I sighed, dropping my head into my hands briefly. I’d been dancing around the subject of my father for days. Even if he’d defended me, had publicly accepted me as a daughter of Kappur, I couldn’t bring myself to face him. A part of me feared that it had all been some type of farce, something said in the heat of the moment; that once he mulled it over and actually figured out who I truly was, he’d regret it.
Accepting he was my father, accepting that I was a princess, was easier than mustering up the confidence that he’d truly and wholly want me in his family.
“You’re still on that self-pity current?” Odele sounded annoyed. When I didn’t reply, she reached over and pinched my arm.
“Ow!
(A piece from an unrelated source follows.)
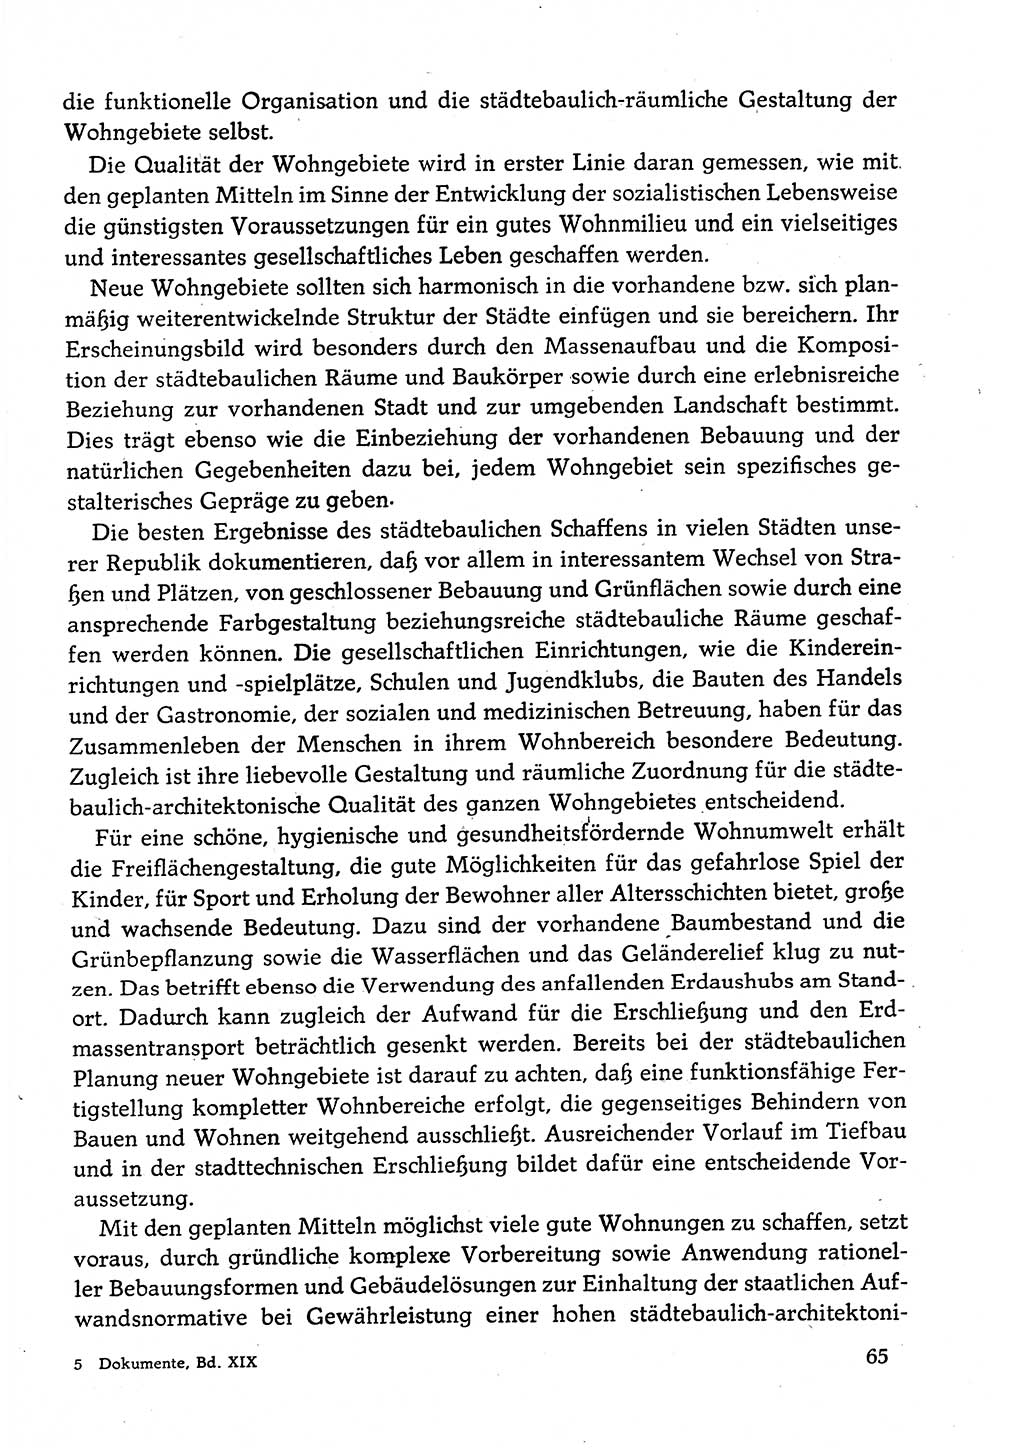 Dokumente der Sozialistischen Einheitspartei Deutschlands (SED) [Deutsche Demokratische Republik (DDR)] 1982-1983, Seite 65 (Dok. SED DDR 1982-1983, S. 65)

What was that for?” I rubbed the sore spot.
“Wake up, Odalaea. He tore apart Thalassar and kept a war going for years just so he could find you. Rejoice, cousin, because at least your father fights for you.”
I turned sharply to her, my expression softening into one of understanding and sadness. What must she be feeling? What must it be like? She was right; my father had fought for me, in methods I didn’t entirely agree with, but he’d fought for me just the same. King Xristo had watched for years as Queen Circe treated his daughter ill. He had left her alone, had let her form her own way without a hint of guidance.
“Don’t look at me with pity in your eyes. I can’t bear it.”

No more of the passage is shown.